In this manner the white oak becomes important not only in fixing the length of the parallelogram, but its width also, and it bears directly upon the question whether the maple should be adopted as the corner of the Nelson survey. The jury should have been led to this view of the evidence, or, to say the least that can be said, they should not have been led away from it. And yet the parts of the charge indicated in the 5th and 7th assignments led them quite another way. They received no proper instructions on the effect of a chamber survey returned for more than twenty-one years, nor on the effect of calls for the marks of older surveys. These were two great defects of the charge, and for these errors the record must go to another trial.
We say nothing decisive about the over quantity in the Nelson survey, for no account was made of that in the court below; and nothing against the Anthony warrant and survey, for it is not before us, and nothing that we mean to be decisive of the location of the Nelson warrant, for it is a question for the jury.
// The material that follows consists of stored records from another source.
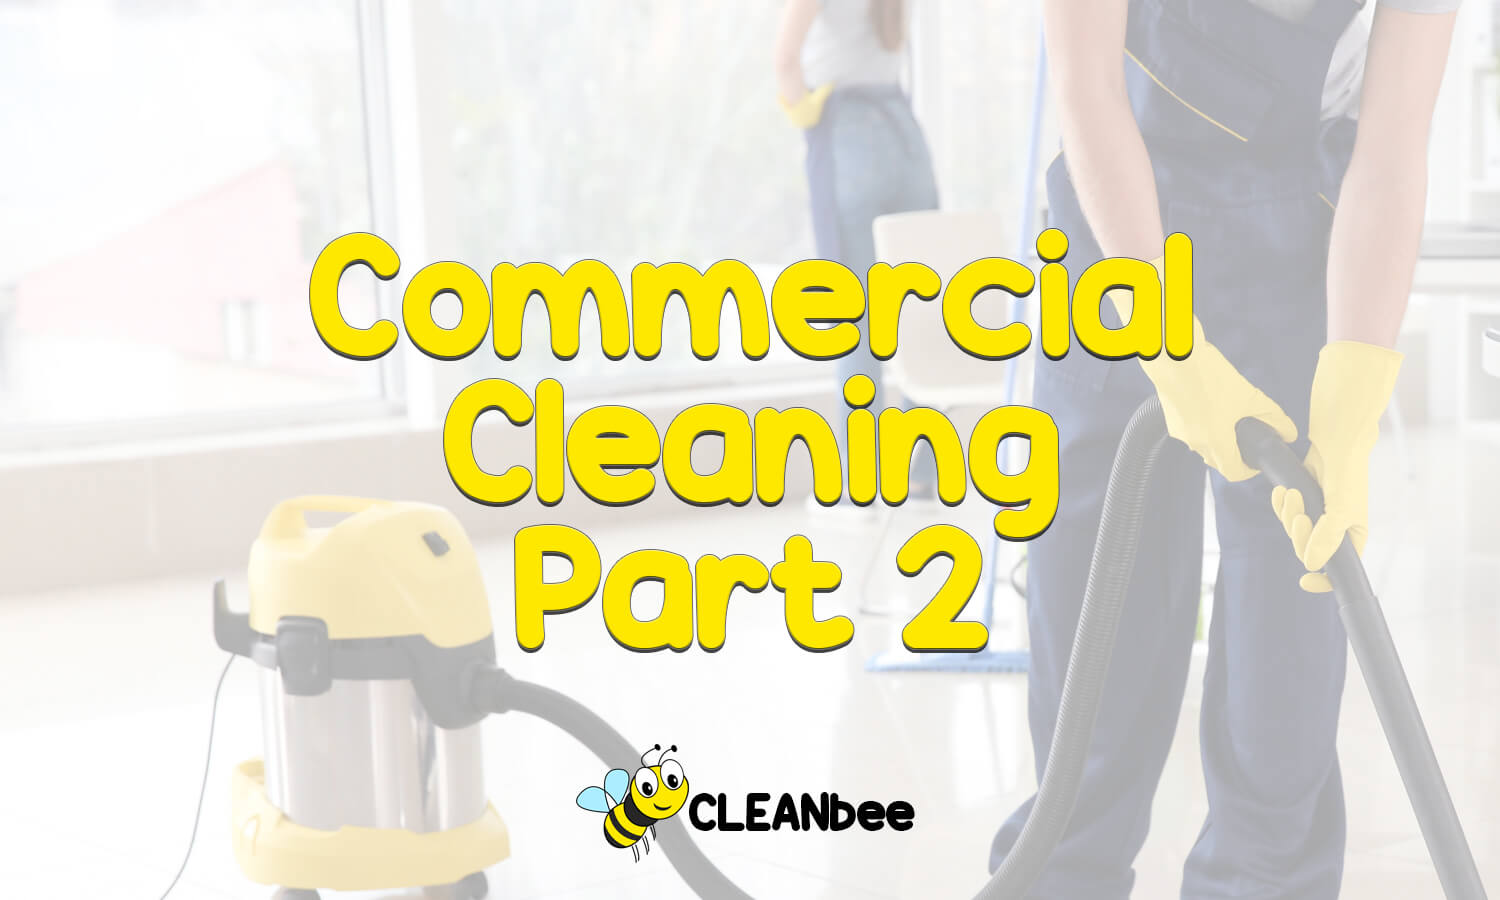 Commercial Cleaning Part 2
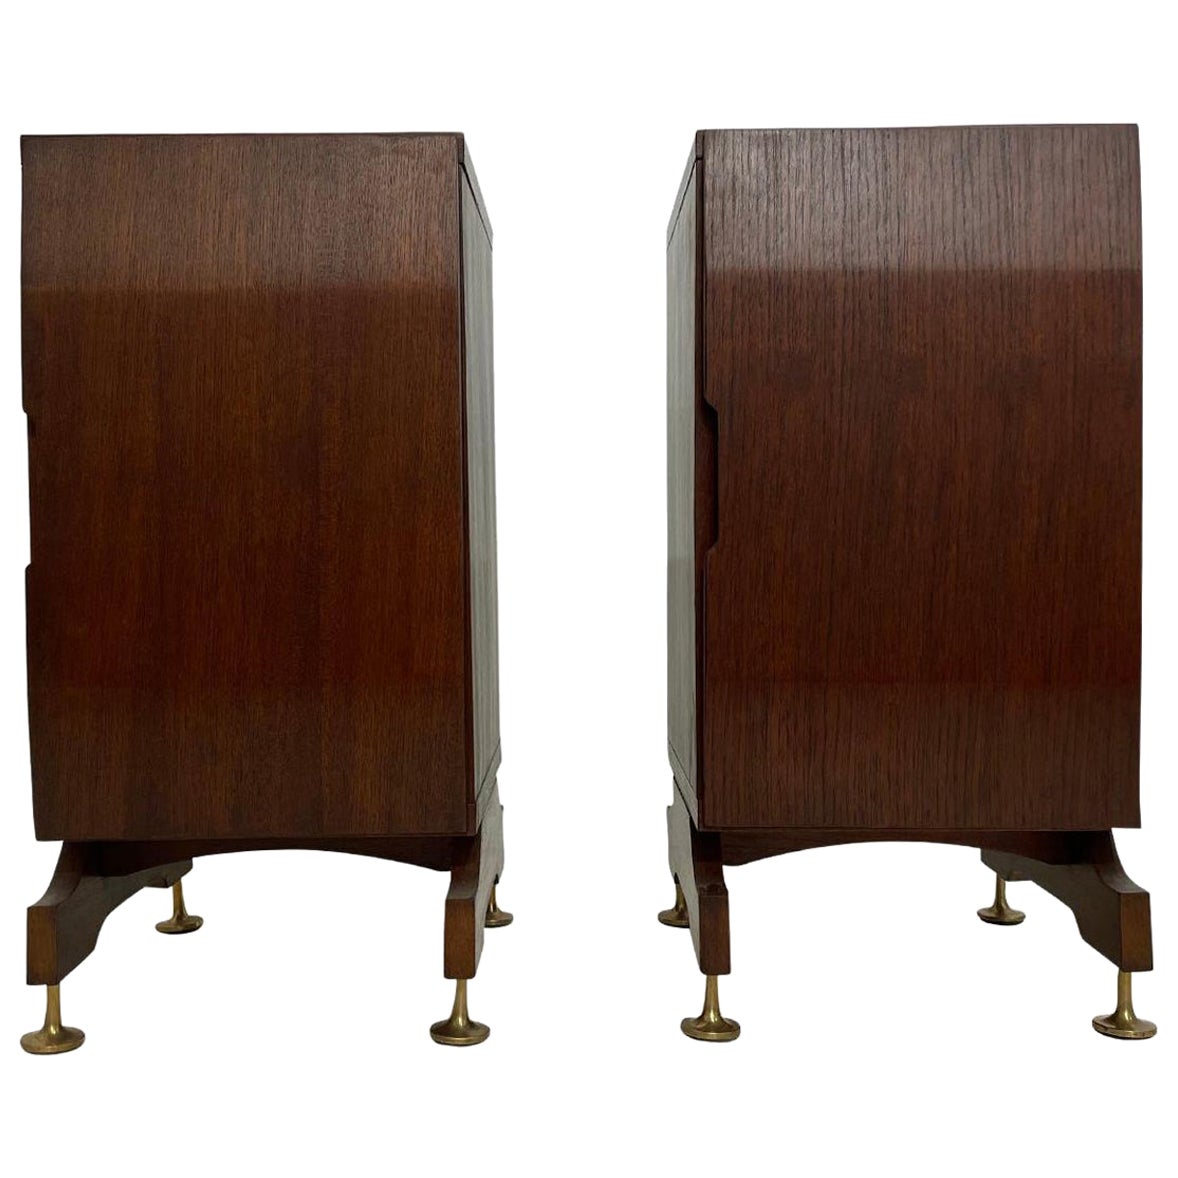 20th Century Italian Mid-Century Pair of Walnut Nightstands, Vintage Side Tables For Sale
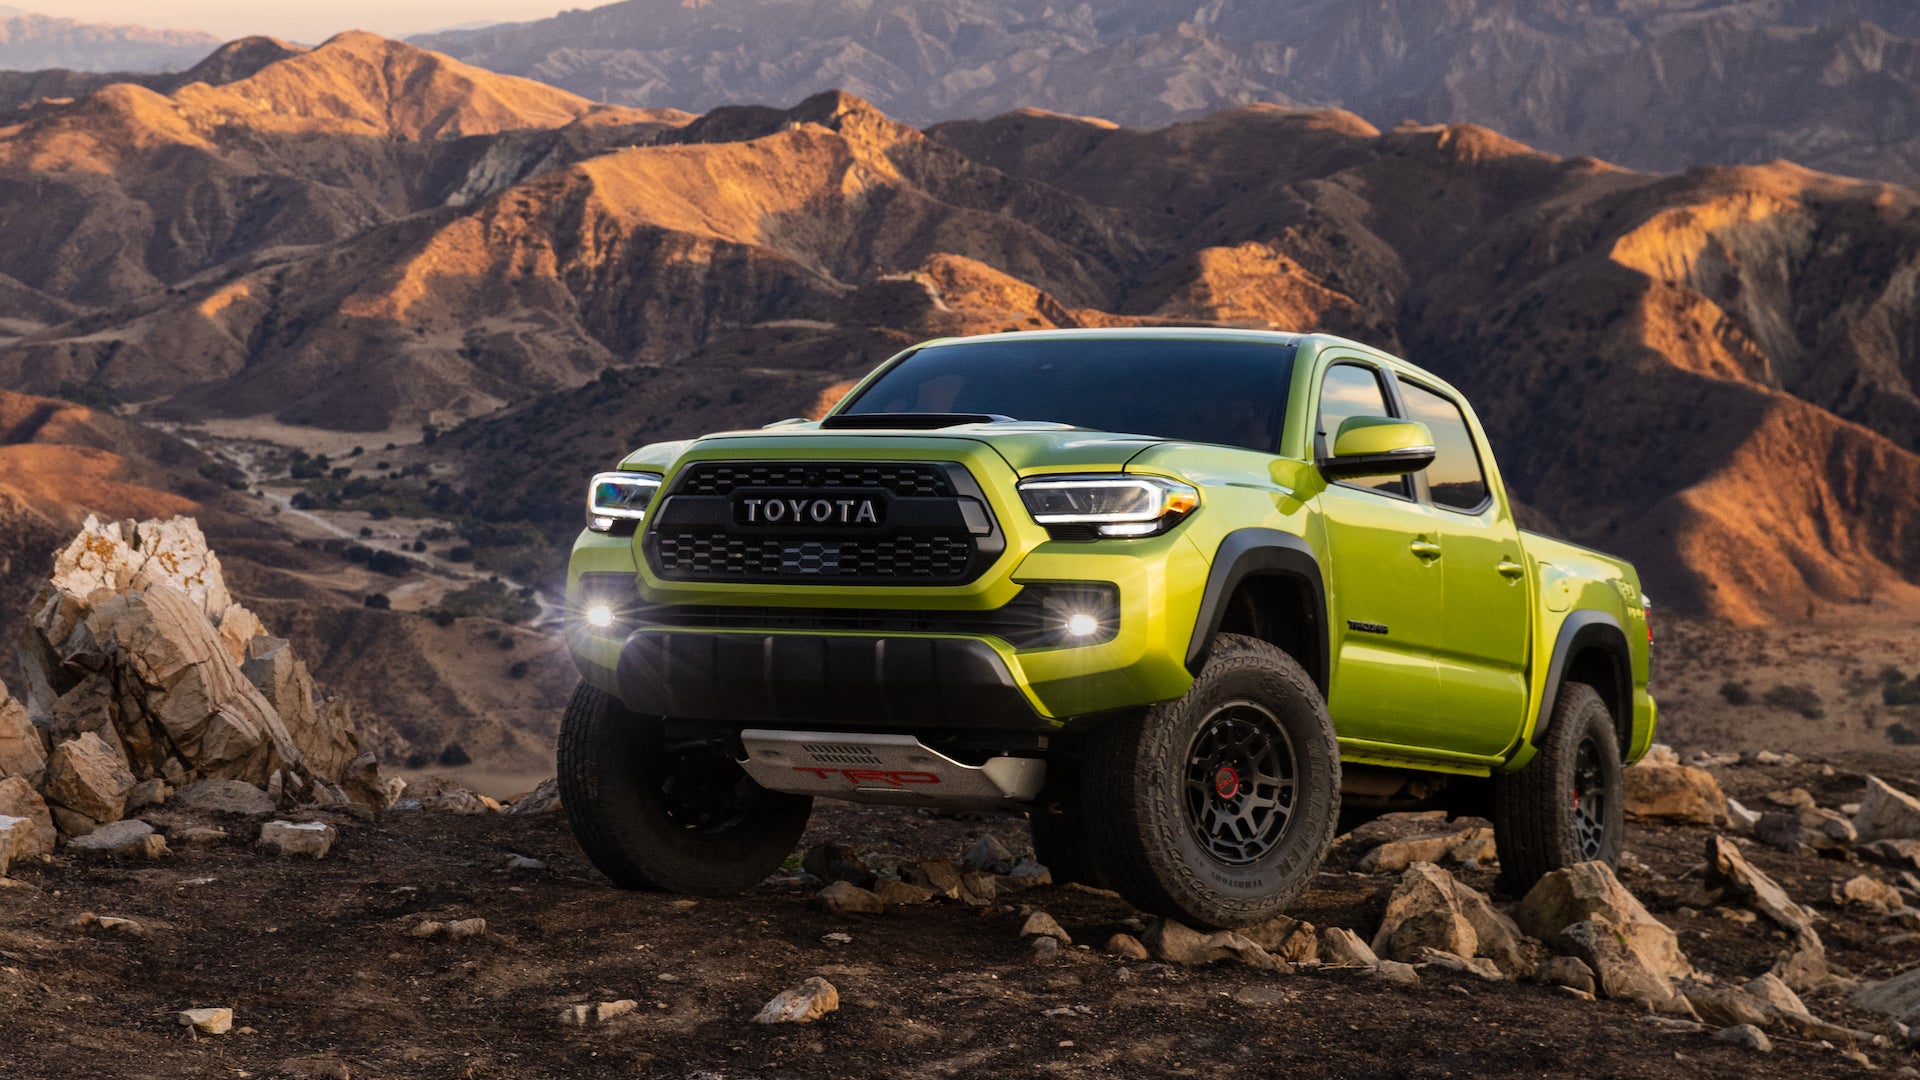 2022 Toyota Tacoma TRD Pro and Trail Edition: More Lift, More Colors, and Even Better Off-Road Specs

What we would be understood as deciding is, that the instructions which the jury received were not, in the two particulars specified, such as the cause demanded. If, under proper instructions, the jury had located the southern boundary of the Nelson warrant where Mr. Quay thinks it may be located, then, on the assumption that the Evans line was the northern boundary, the plaintiffs would have been entitled to recover such fractional parts of all the land embraced by these lines as their title-papers covered.
'The judgment is reversed, and a venire facias de novo is awarded.